Matches for each league :

In [47]:
query = '''
SELECT COUNT (*) AS m_nb, League.name FROM Match JOIN League ON League.id = Match.league_id  GROUP BY League.name ORDER BY m_nb DESC
'''
exe(cursor, query)

(3040, 'Spain LIGA BBVA')
(3040, 'France Ligue 1')
(3040, 'England Premier League')
(3017, 'Italy Serie A')
(2448, 'Netherlands Eredivisie')
(2448, 'Germany 1. Bundesliga')
(2052, 'Portugal Liga ZON Sagres')
(1920, 'Poland Ekstraklasa')
(1824, 'Scotland Premier League')
(1728, 'Belgium Jupiler League')
(1422, 'Switzerland Super League')


## 7. Who are the 10 players with the best ratings ?

As usual, let’s take a look at the content of the table concerned :

In [53]:
query= '''
SELECT player_name, Player_Attributes.overall_rating AS nb FROM Player JOIN Player_Attributes ON Player.id = Player_Attributes.id ORDER BY nb DESC LIMIT 10
'''
exe(cursor,query)

('Manu Molina', 91)
('Manu Torres', 91)
('Fede Vico', 89)
('Manu Lanzarote', 88)
('Lorenzo Pique', 87)
('Lorenzo Squizzi', 87)
('Lorenzo Stovini', 87)
('Lorenzo Tonelli', 87)
('Miguel Portillo', 87)
('Faysel Kasmi', 86)


It appears that a player has several ratings. Therefore, we should : 
1. group average ratings by player
2. order them by ratings
3. limit results to 10
4. optional : cross players id with players names

If we know how to do a join, we can display players name rather than their api id :

## 8. For each league, how many matches where played ? Order your response by countries name.

## 9. Make an inner join between the `Country` table and the `League_null` table. Note the difference : which lines disappeared ?

## 10. Write RIGHT JOIN clauses (inclusive and exclusive)

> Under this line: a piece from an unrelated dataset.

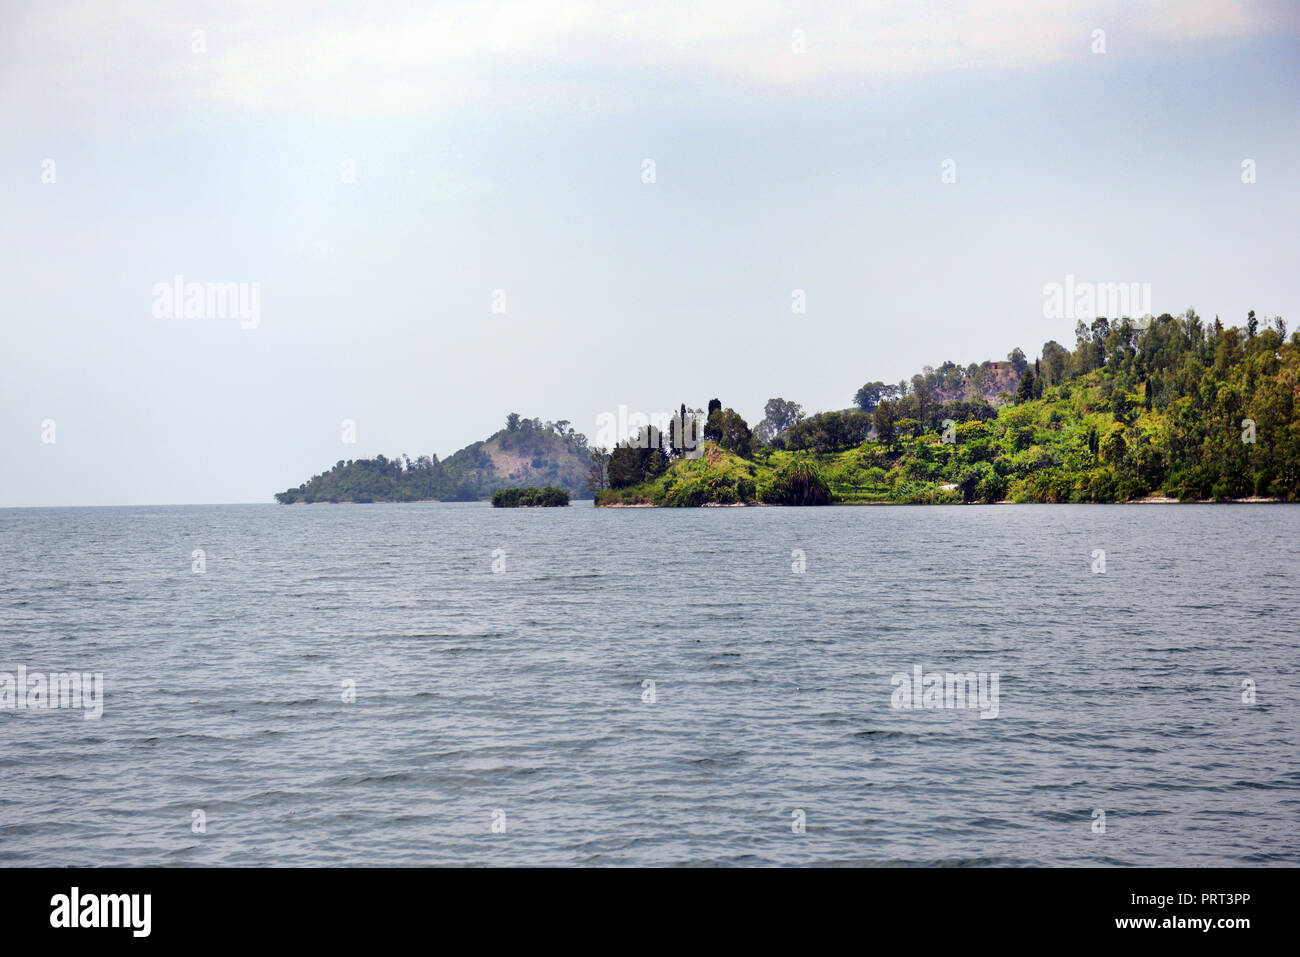 Scenic Lake Kivu in Rwanda. - Stock Image

## 11. Try to implement a full join 

## 12. Cross join
1. Create a new data base called `club.sqlite`
2. Create a table `Members` with id, name (you can quickly create data by creating a `.csv` file, importing it and converting it to a table with `pandas`.)
3. Insert some members (3 or 4)
4. Create a table `Reunions` with id, reunion_date (you can set default to current datetime to save time)
5. Insert some reunions : you can save time by writing a script to fill the table with loop…
6. Write a query that produce a matrix with every reunion for each members (`CROSS JOIN`) ordered by date

## 13. Self join

Create a detailed table employee with such relation manager/managed. You can imagine other situation in which SELF JOIN would be pertinent. Create a request that shows for a list of employee their manager (take care of the appearance of the results, ordered by manager, you can use string function to present a phrase like : « X manages Y »).